THE PROBLEM:
Using the records that follow, reproduce exactly the lines starting at the line containing "Livy Quote - Law" and ending at the line containing "The Front Bottoms". Include both end lines and no pictures.

INPUT FOR THIS TASK:
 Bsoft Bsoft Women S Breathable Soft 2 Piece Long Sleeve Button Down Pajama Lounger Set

---

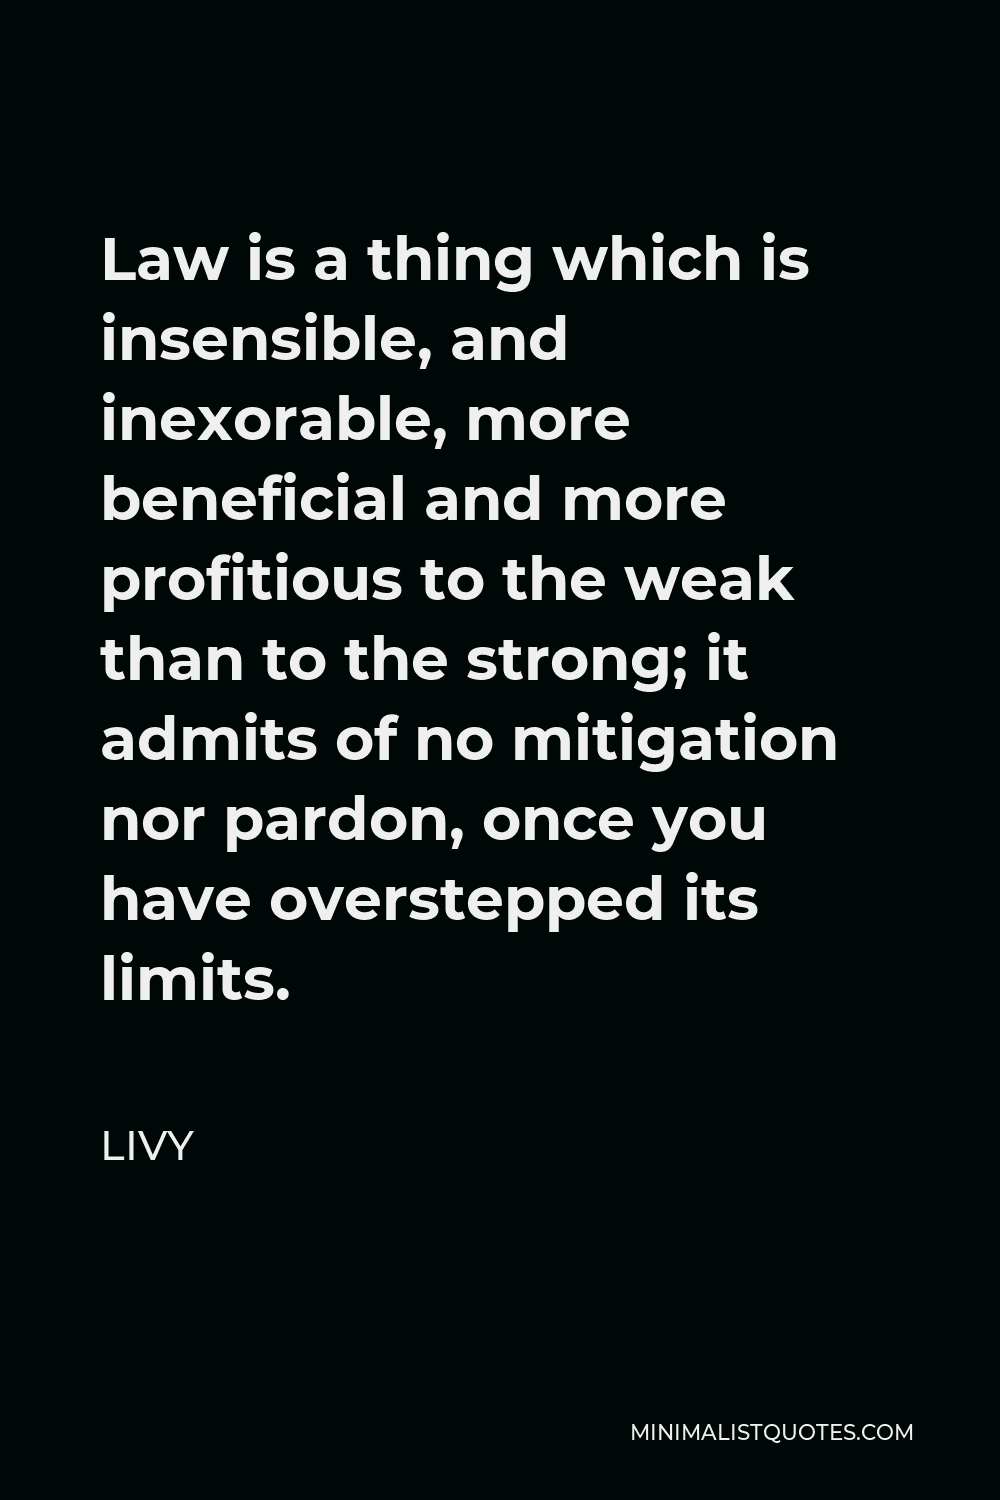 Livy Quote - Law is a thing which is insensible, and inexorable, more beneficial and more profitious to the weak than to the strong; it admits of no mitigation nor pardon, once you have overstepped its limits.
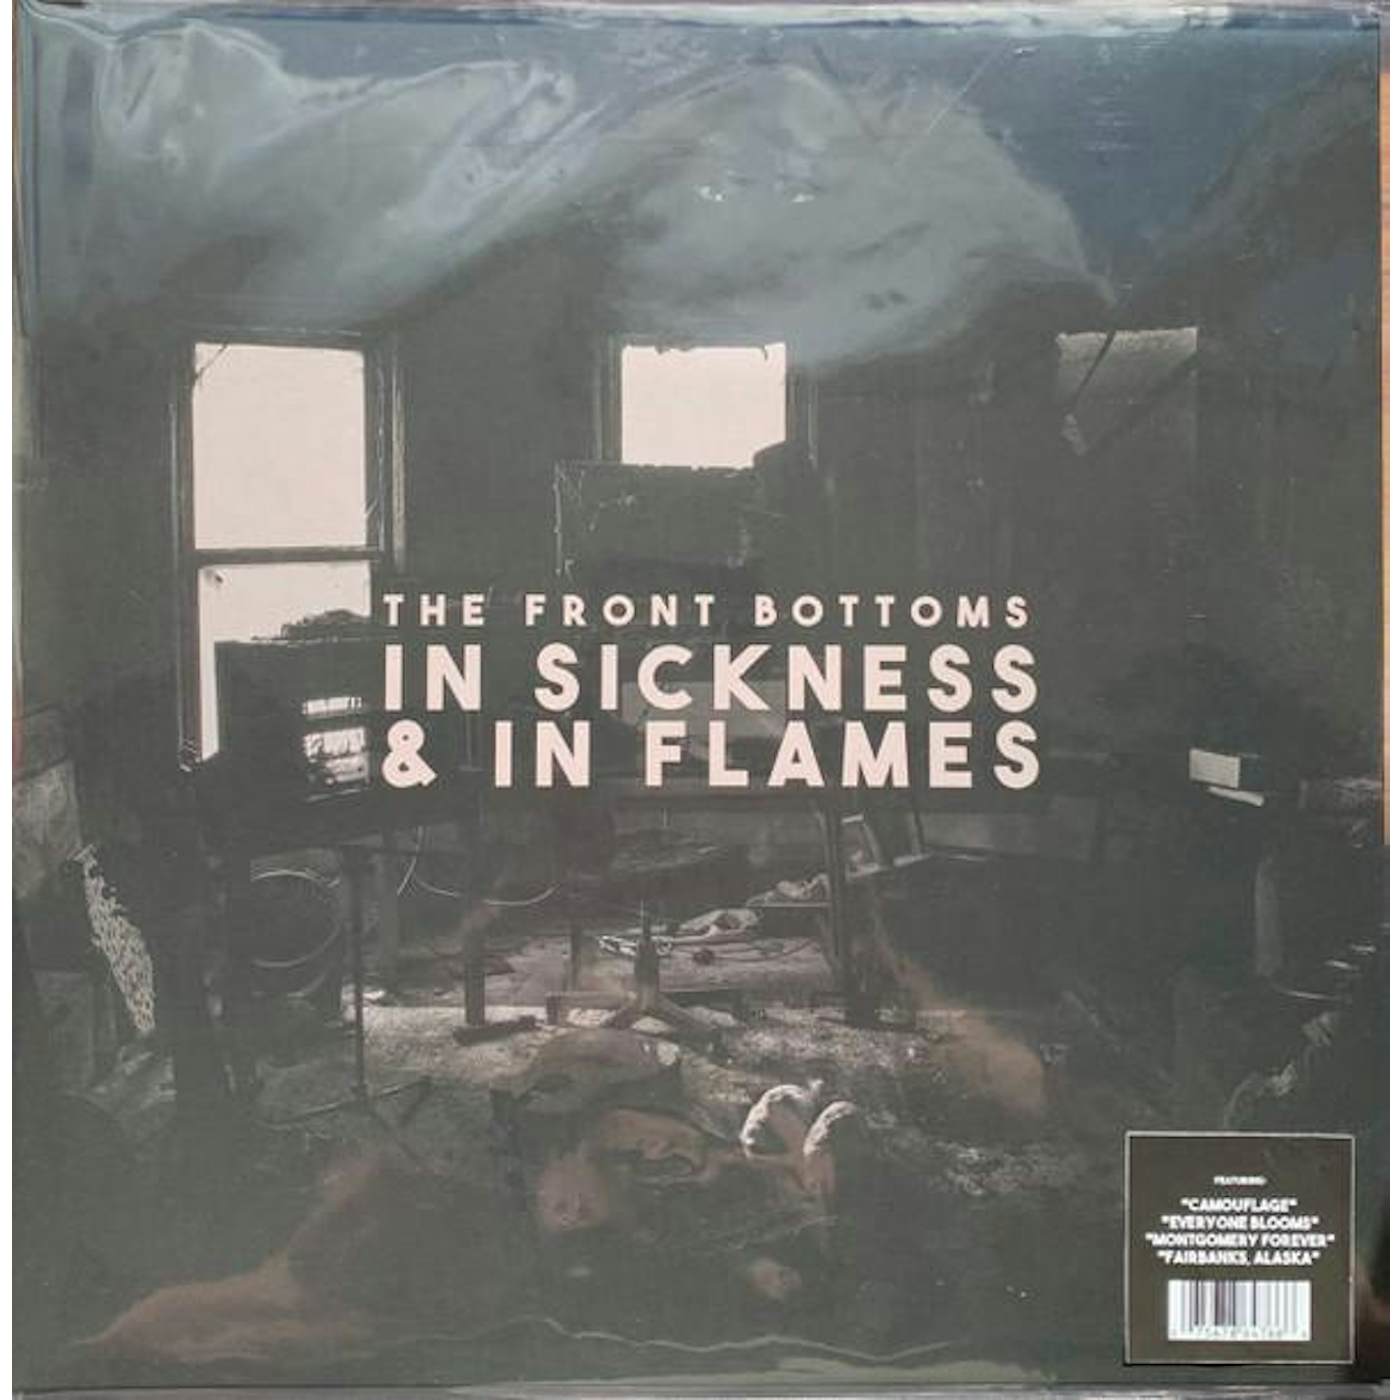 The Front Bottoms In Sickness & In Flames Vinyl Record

RESPONSE:
 Livy Quote - Law is a thing which is insensible, and inexorable, more beneficial and more profitious to the weak than to the strong; it admits of no mitigation nor pardon, once you have overstepped its limits.
 The Front Bottoms In Sickness & In Flames Vinyl Record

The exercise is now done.